Лето, жара, каникулы в деревне, мне 12 лет. С соседкой Танюней, моей ровесницей, и ее братом Женькой хороним воробья. Усопший заботливо уложен в коробочку из-под дедова компаса, украшен цветами и обрывками кружева. Мы преисполнены скорби — по поводу кончины птахи, и праведного гнева – по отношению к коту Ваське, виновнику гибели…
Прерванная церемония
На самом деле никакой трагедии нет: ни я, ни Танюня с Женькой не знали покойного при жизни, воробей – законный «трофей», отобранный у Васьки. Хвостатая бестия прошмыгнула в сарай, надеясь слопать там добычу, и была застигнута врасплох. Ваську пристыдили и отшлепали в воспитательных целях, воробья решили проводить в последний путь с почестями – все равно заняться решительно нечем. Нет, конечно, можно пойти на речку искупаться. Но для этого нужно разрешение бабушки Танюни и Женьки – десятипудового надзирателя, ни на шаг не пускающего нас дальше двора. Чтобы получить высокое дозволение побарахтаться в ближайшем водоеме, надо найти взрослого, который приглядывал бы за нами.
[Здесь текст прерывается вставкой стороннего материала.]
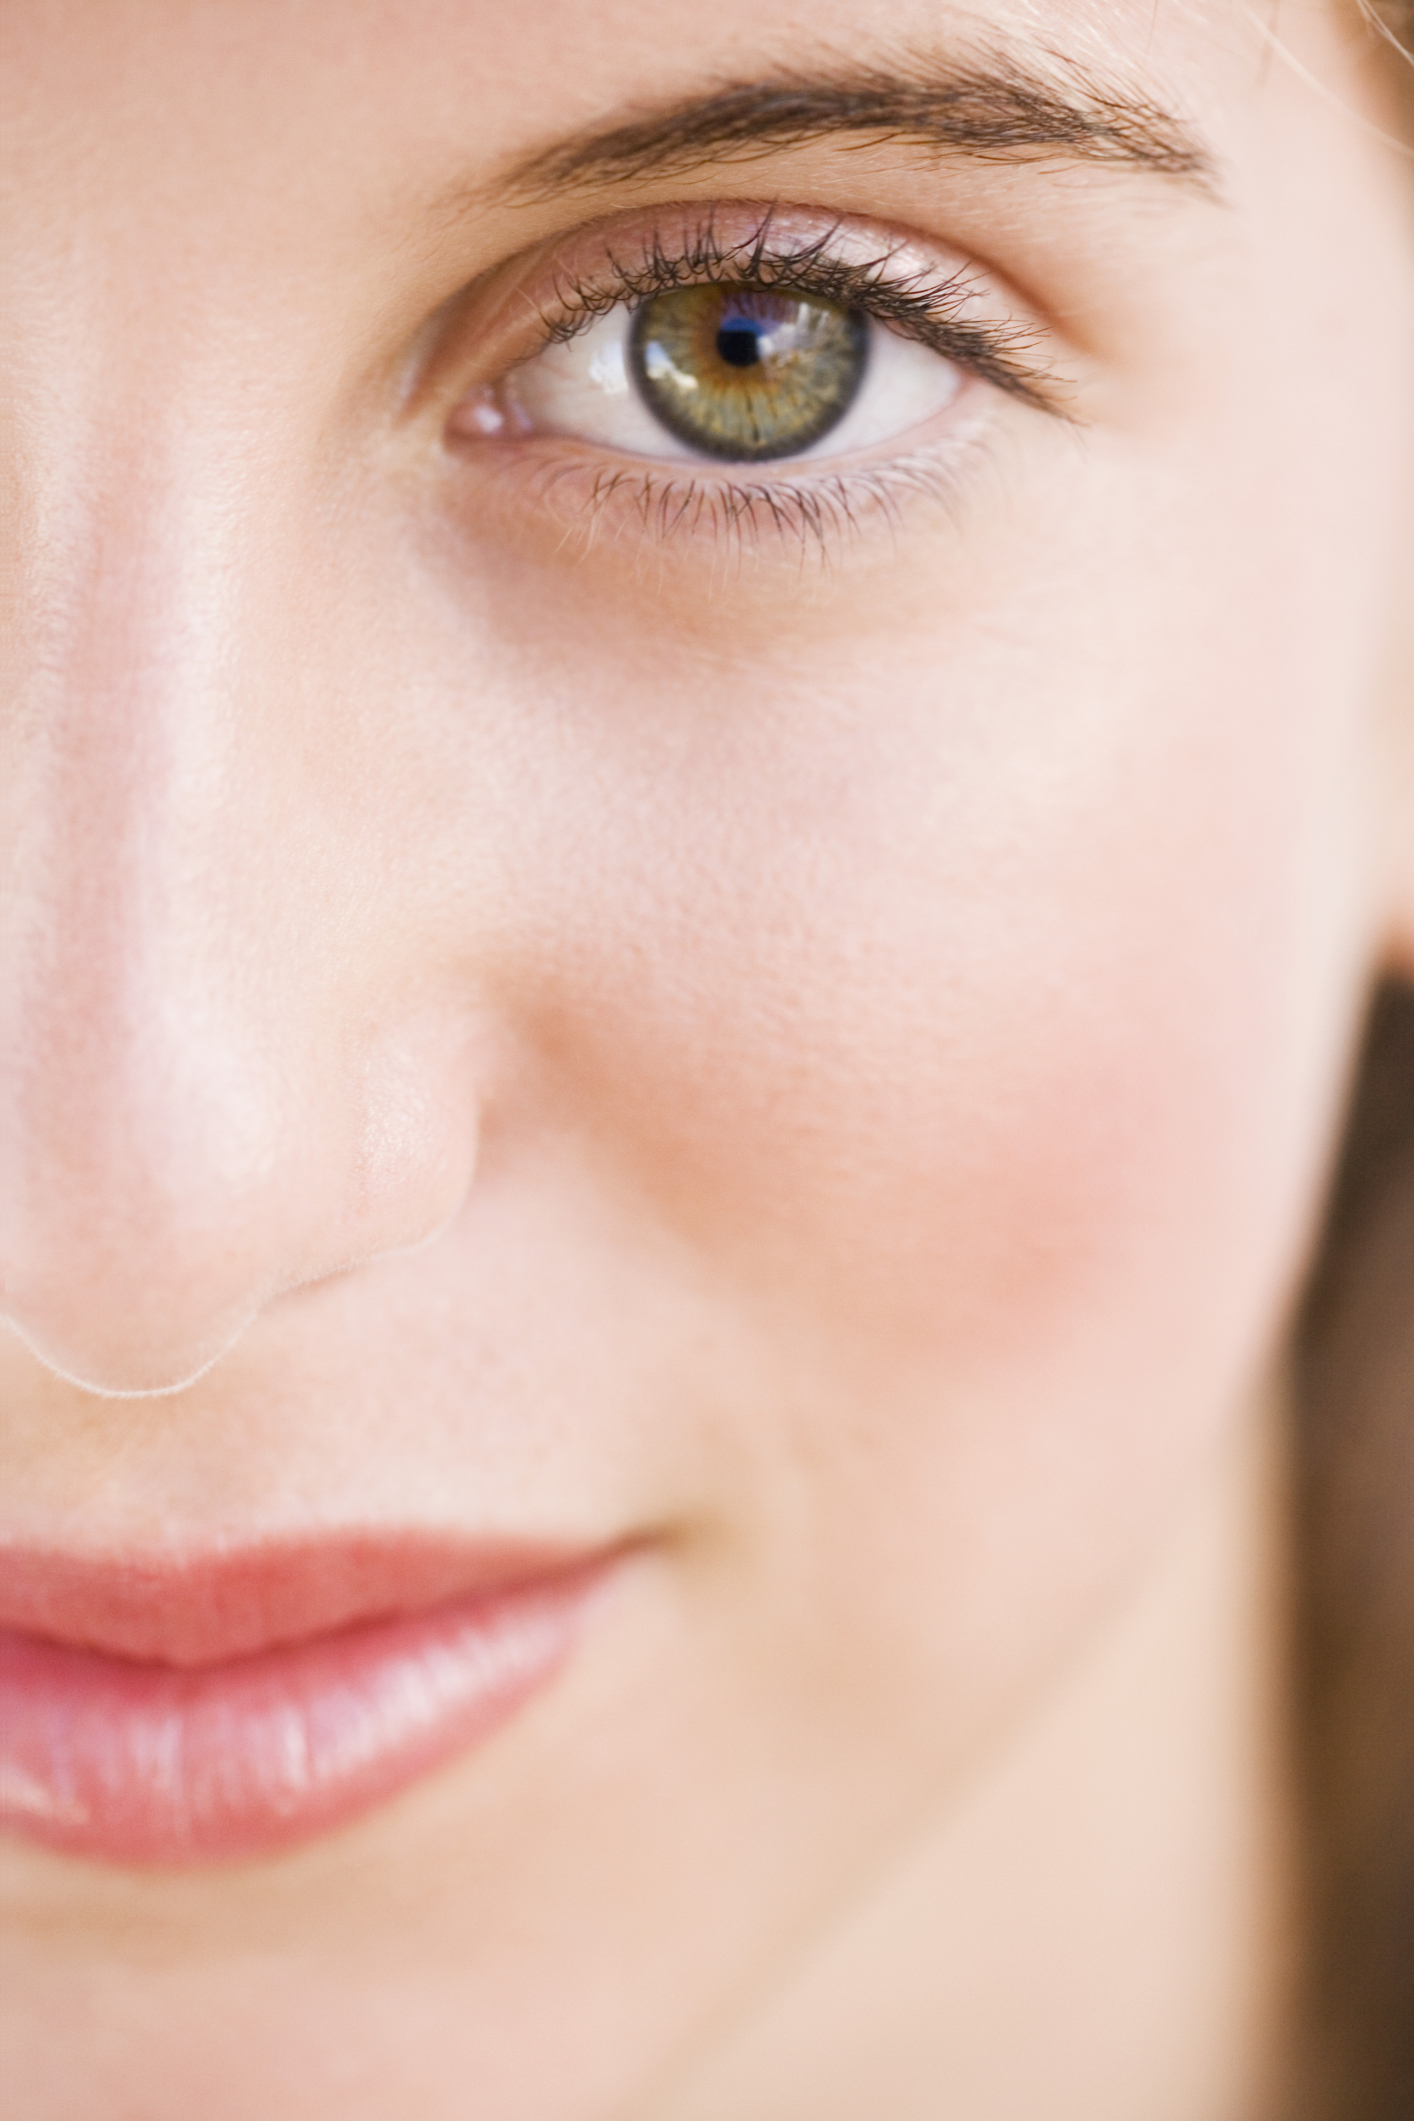 Natural Alternatives for Eye Cream
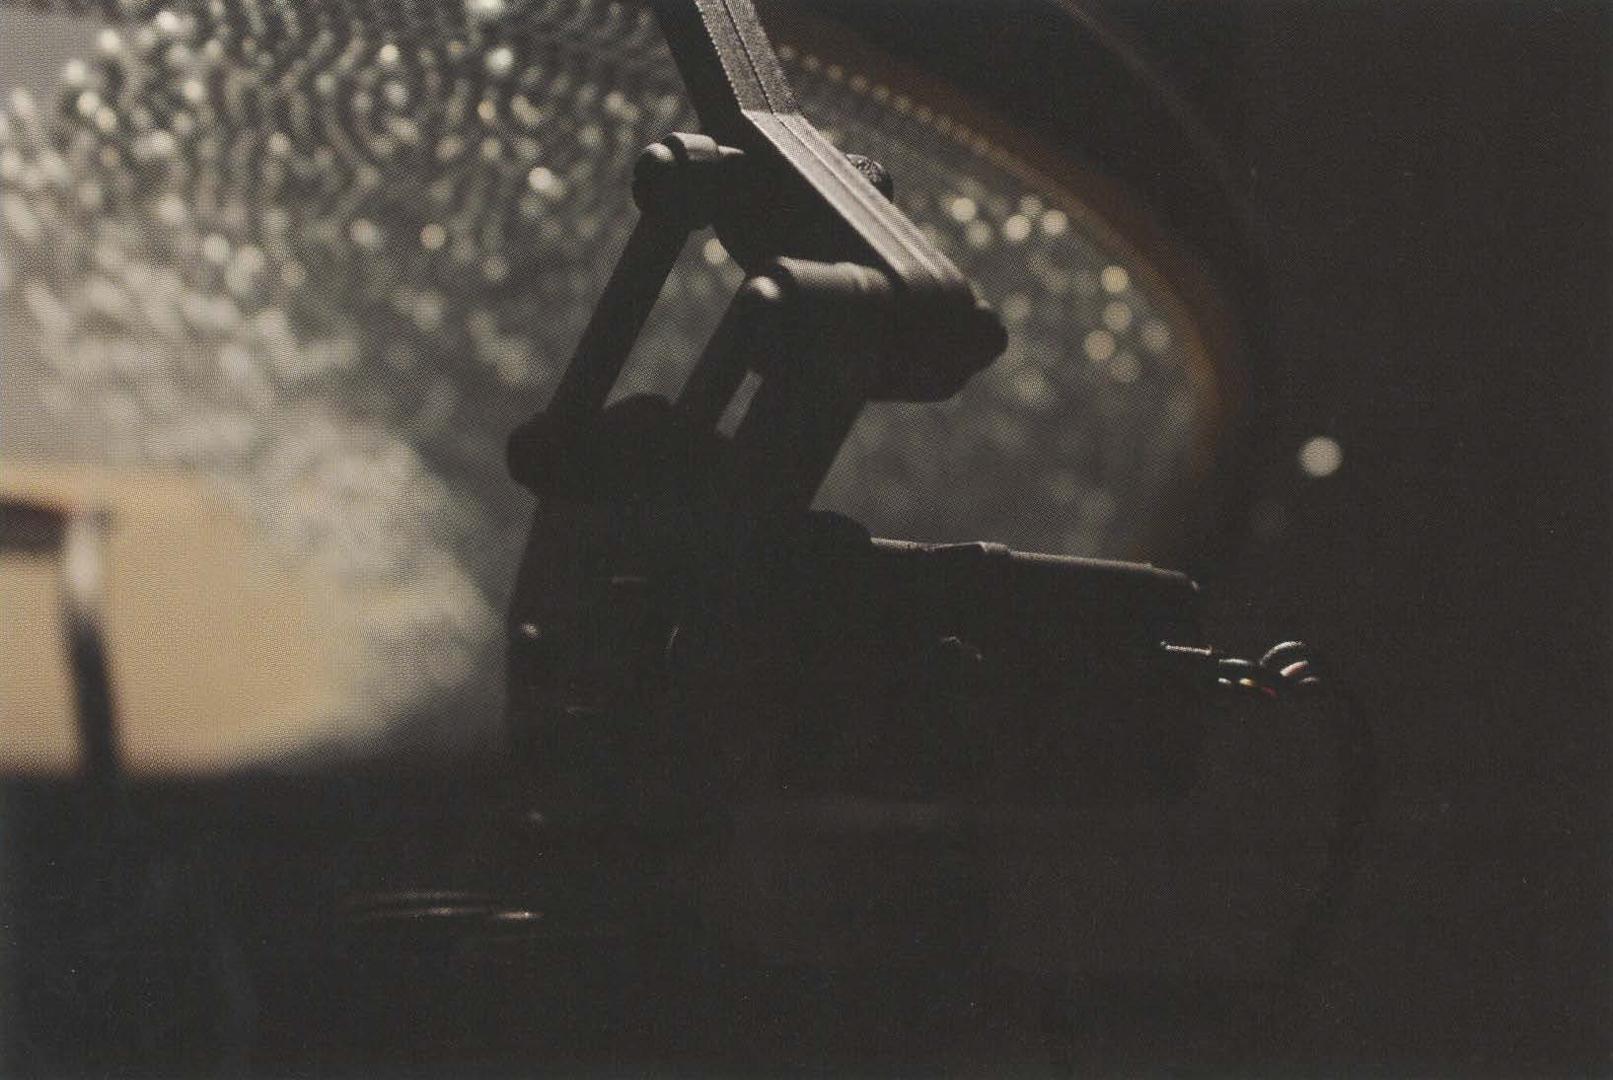 ©2012, Kian-Peng Ong

Увы, все на работе, и мы вынуждены изнывать от жары и безделья, устраивая похороны воробью. Этак мы скоро кузнечиков начнем на тот свет провожать…
— Танька, Наташка, Женечка! Где вы, ребятки? Гена пришел! – кричит бабушка с крыльца, где она обычно сидит после обеда, звонко щелкая свернутой газетой надоедливых мух.
…Гена!.. Я его терпеть не могу, но на данный момент он – наше спасение. Ему уже 15 лет, и есть призрачная надежда, что с ним толстая мучительница отпустит нас на речку. Интересное дело: бабушка держит Танюню с Женькой в ежовых рукавицах, увесистые шлепки по мягкому месту перепадают и мне – по-соседски щедро, за баловство. Но когда на пороге возникает Генка, бабушка превращается в мед и сахар. «Геночка то, Геночка се, может, пообедаешь с нами? Как здоровье мамы?» — тьфу, слушать противно. И за что ему такая милость? Ладно, неважно, лишь бы отпустили купаться. Похороны экстренно «сворачиваются», в дверном проеме вырастает фигура Гены.
…Он красивый паренек. Высокий, стройный, смуглый. Каштановые вихры во все стороны, чуть заметная родинка над верхней губой и глаза… Глаза у него просто девчоночьи: огромные, карие, в обрамлении густых изогнутых ресниц. Не глаза, а вишни…
— Привет честной компании! Чем занимаемся? Ого, откуда столько цветов и перьев?! – Генка возвышается над нами, уставив руки в боки. Ненавижу, когда он в таком настроении – насмешливый и дерзкий. Танюня пунцовеет и лепечет:
— Мы тут воробья хоронили…
— Воробья? Ну вы даете! Хотя… Чего еще ожидать от такой малышни? – Генка вовсю потешается над устроителями церемонии. – Я даже знаю, кто затеял похороны!
У меня внутри все сжимается, сейчас случится страшное. Так и есть.
— Наташка, а что это ты притихла, как мышка? Ну, твоя идея? Что ты еще придумала? Может, лягушачью свадьбу?
Танюня с Женькой, предатели, хохочут так, что, кажется, вот-вот лопнут. А ведь еще пять минут назад укрывали покойного одеяльцем из носового платка…
Как же я ненавижу этого Генку! Выцарапать бы ему глазищи, отметелить почем зря, укусить за ухо! Ну почему, почему он всегда издевается только надо мной? Гордо отвечаю:
— Гена, ты хоть и взрослый, но дурак. Я с тобой не разговариваю. И видеть тебя не хочу!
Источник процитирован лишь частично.